**Activity**
Write out the entire listing below exactly, with the pictures left out.

**Given data**
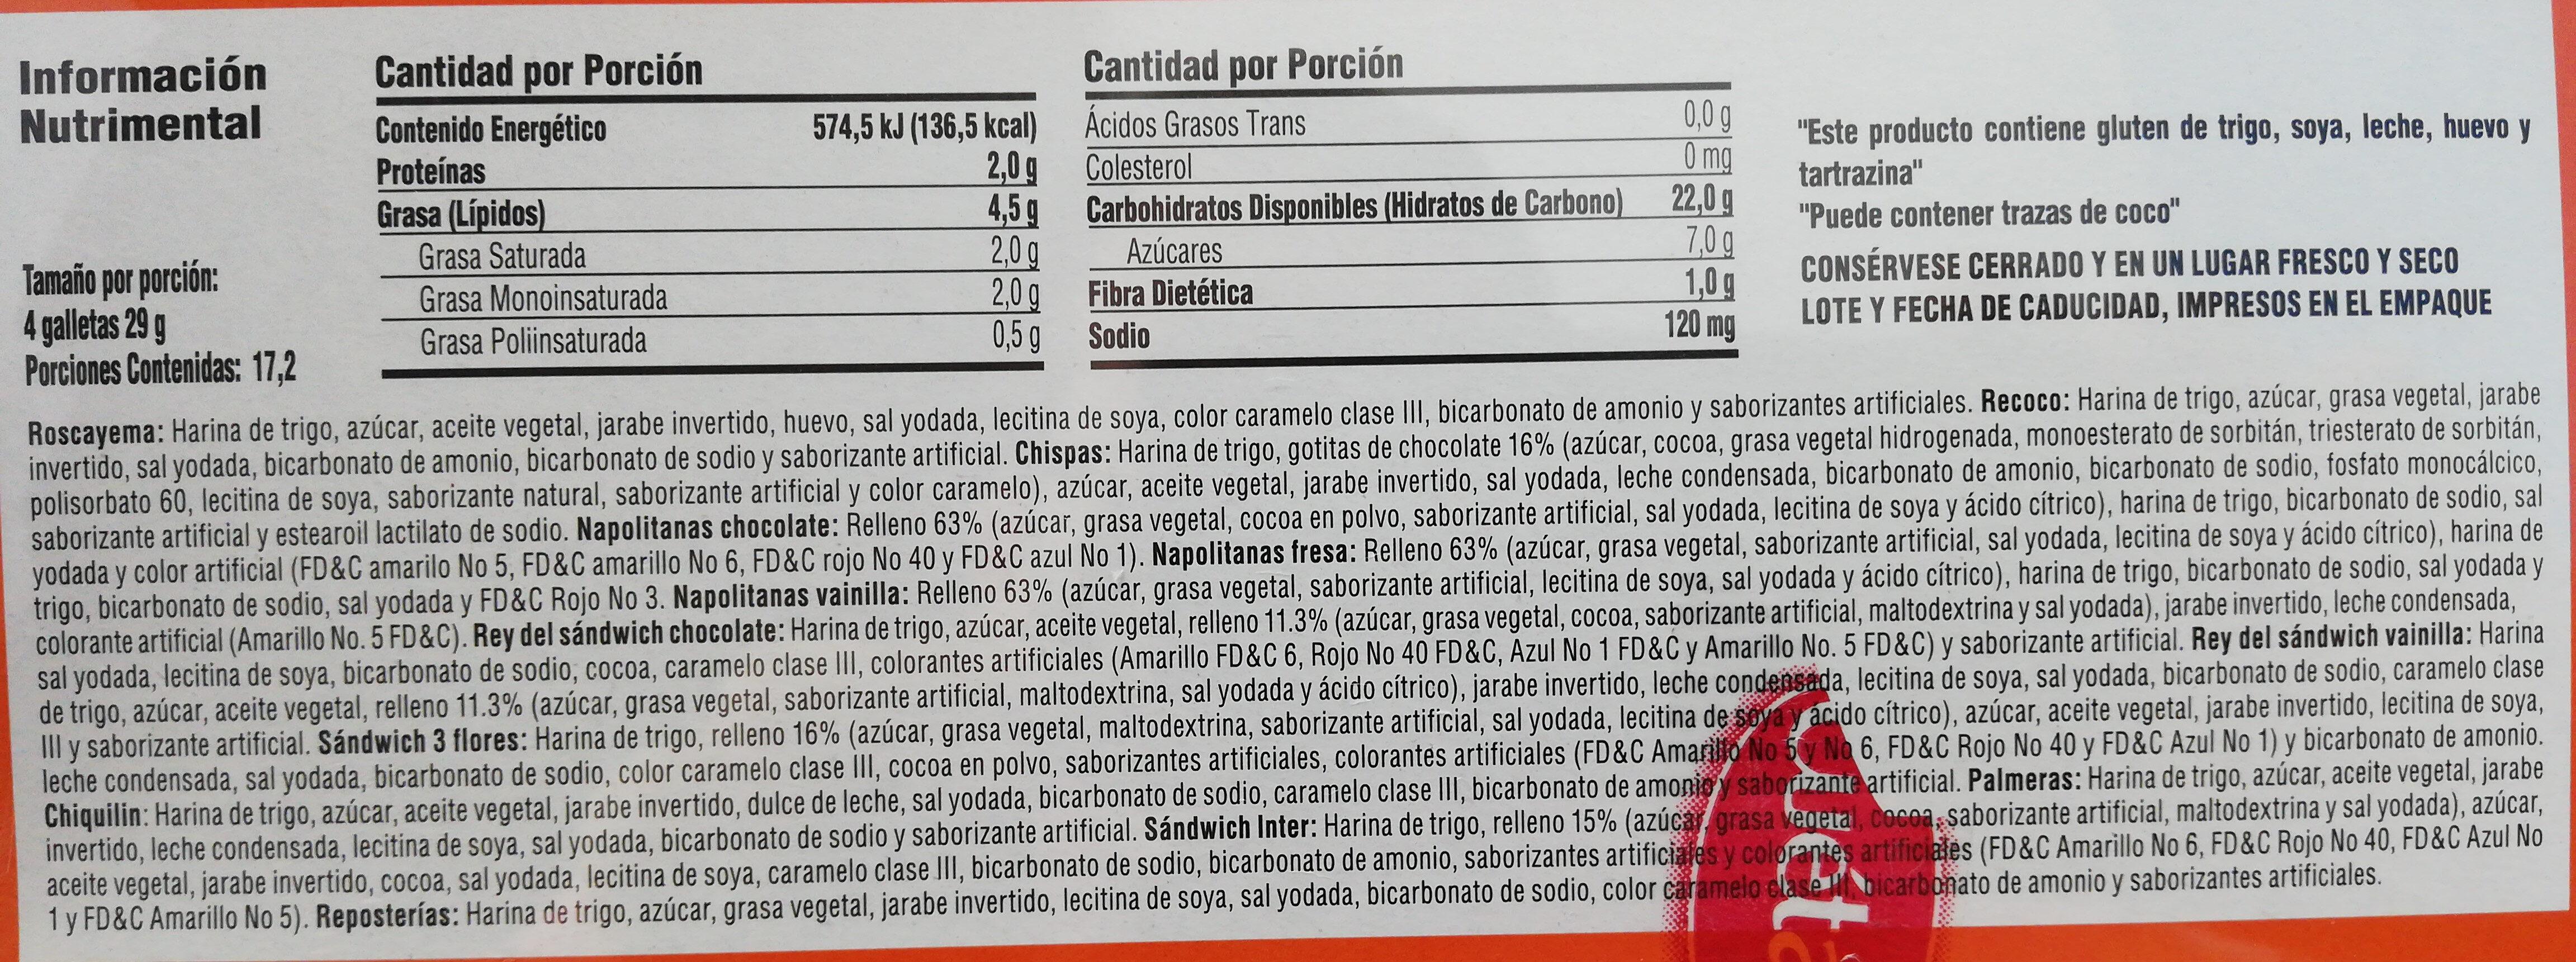 Galletas Surtido Diario - Ingrediënten - es
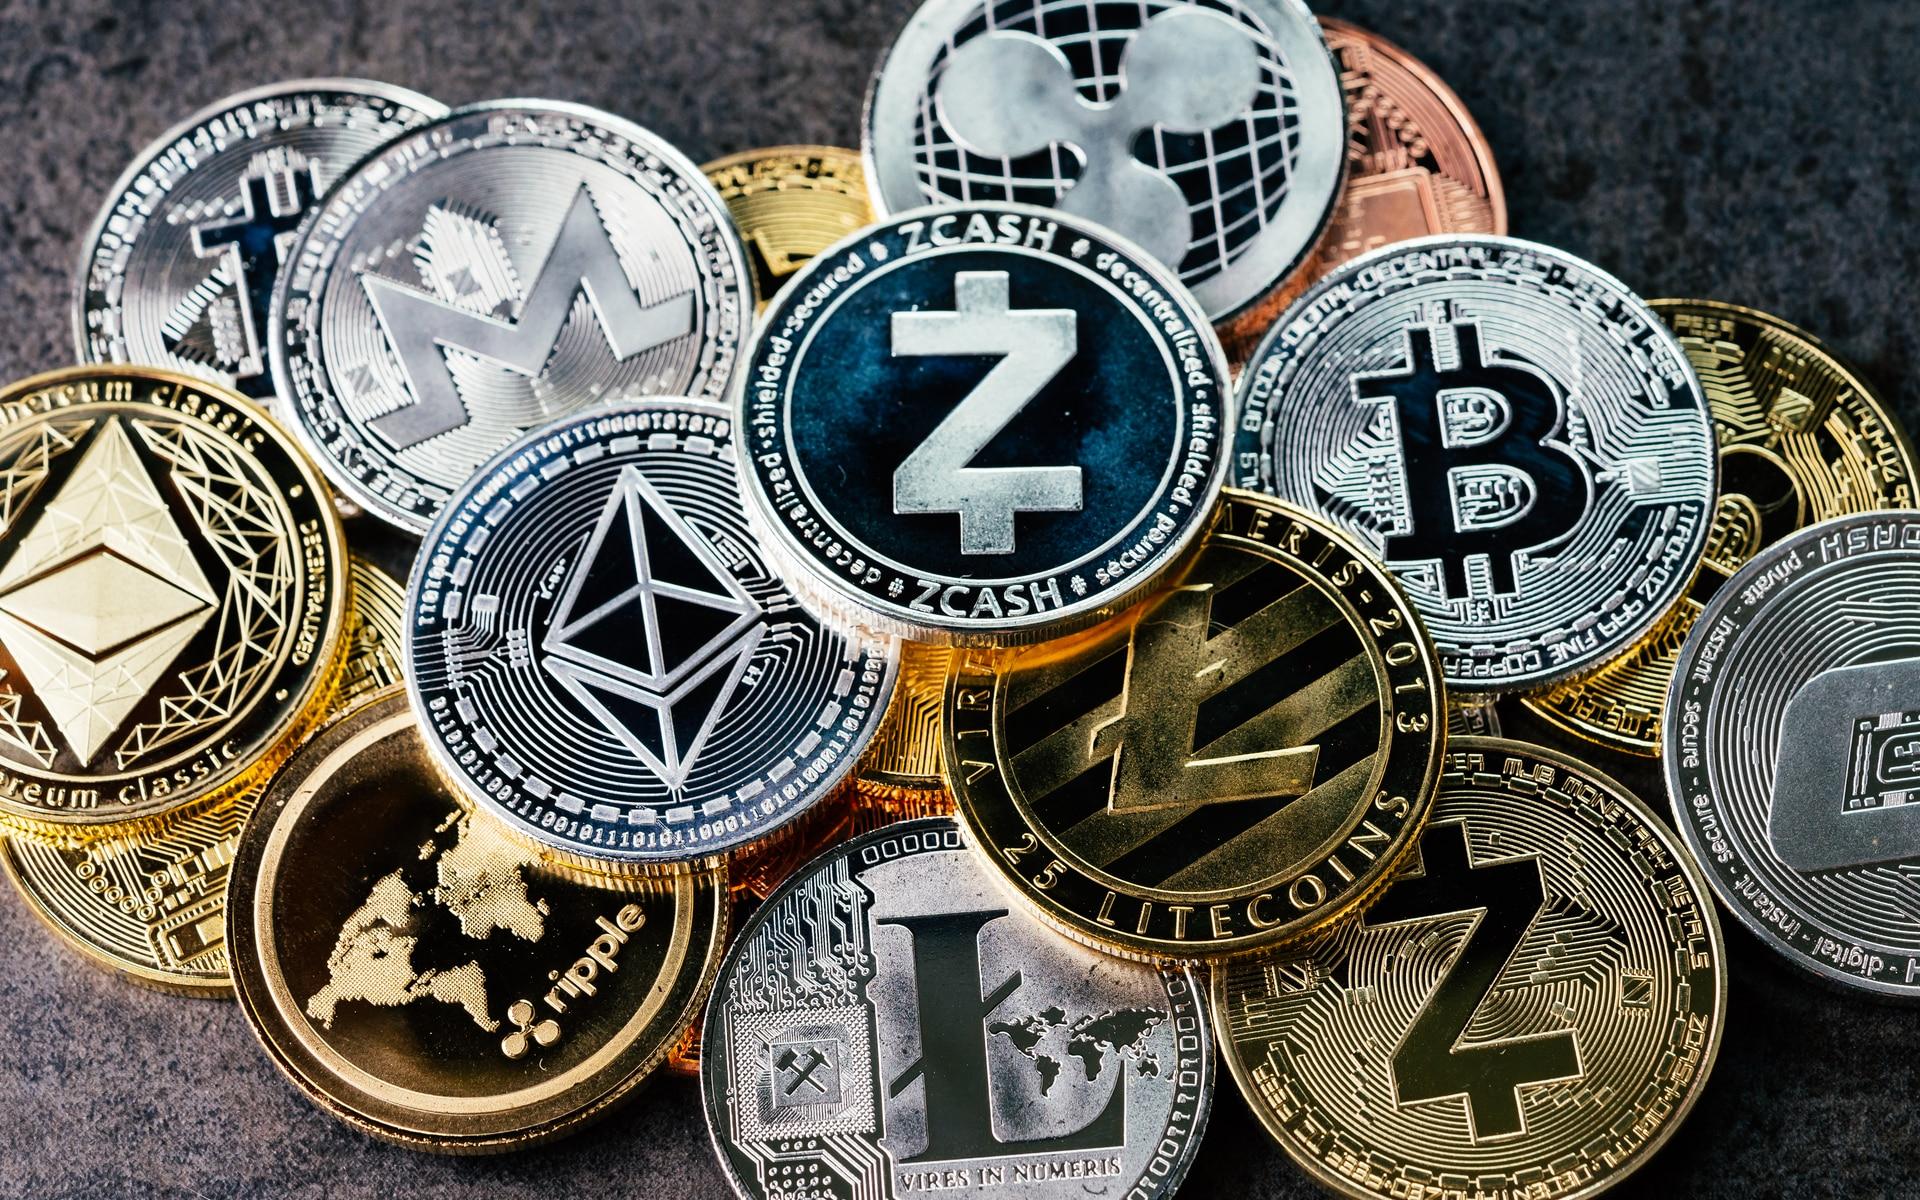 Veja três criptomoedas com grande potencial após a queda do mercado, segundo analista
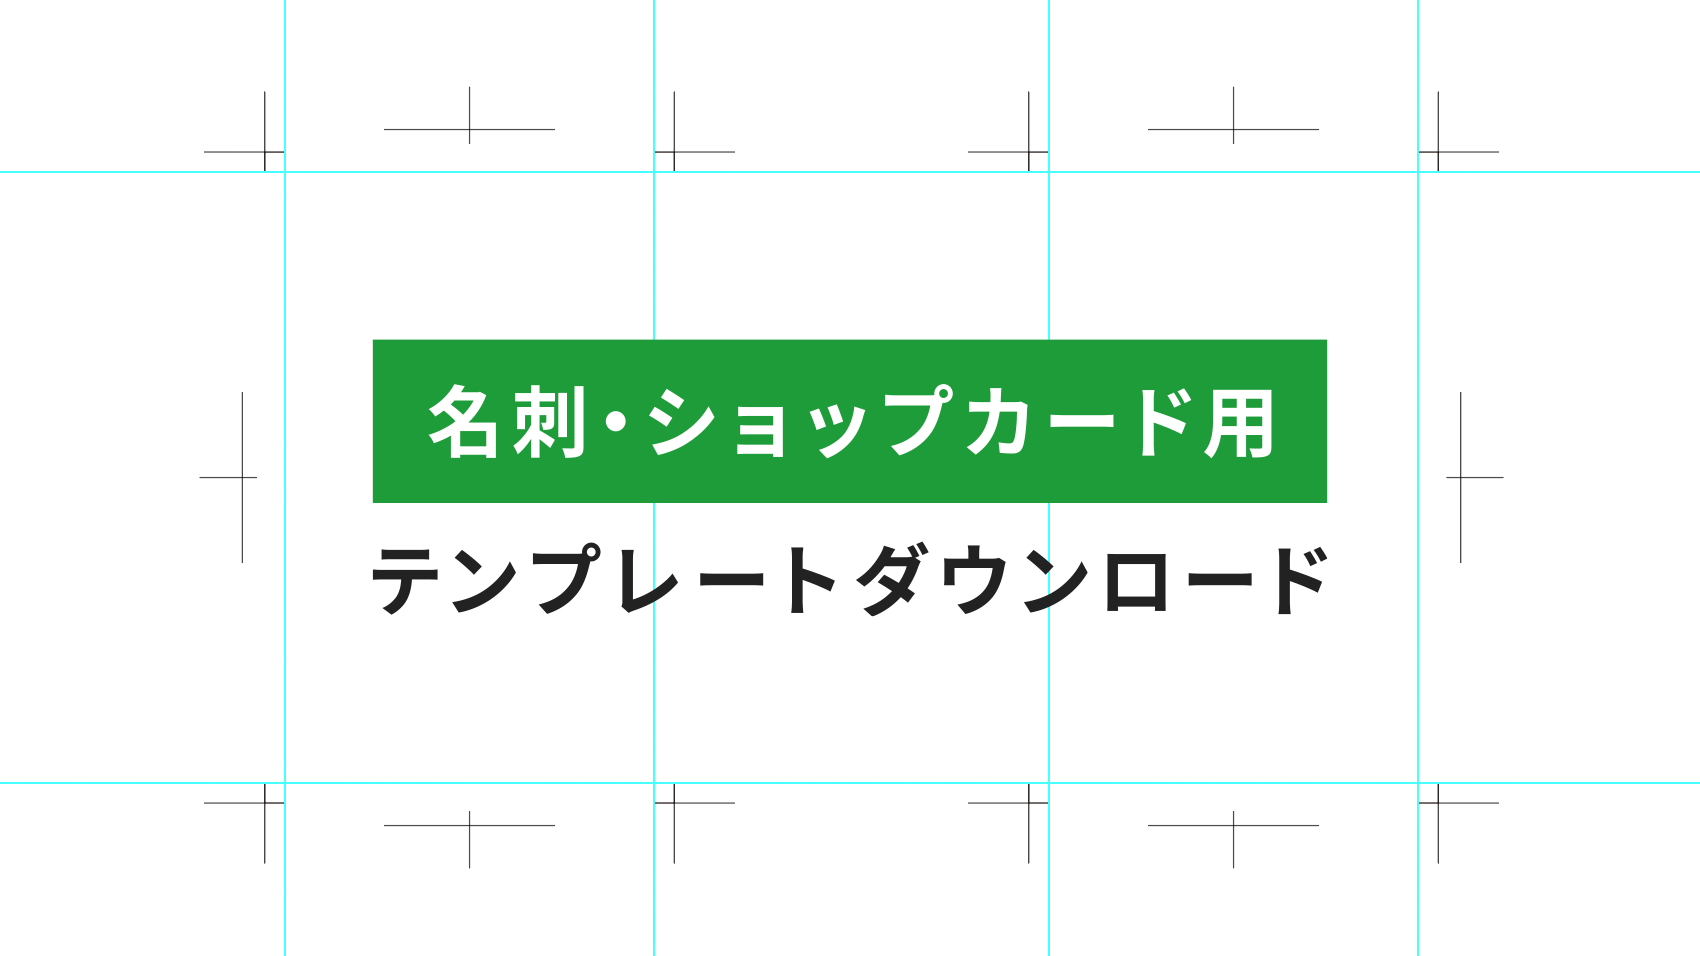 名刺・ショップカード制作用に。縦型、横型トンボ付テンプレダウンロード

**Exercise output**
 Galletas Surtido Diario - Ingrediënten - es
 Veja três criptomoedas com grande potencial após a queda do mercado, segundo analista
 名刺・ショップカード制作用に。縦型、横型トンボ付テンプレダウンロード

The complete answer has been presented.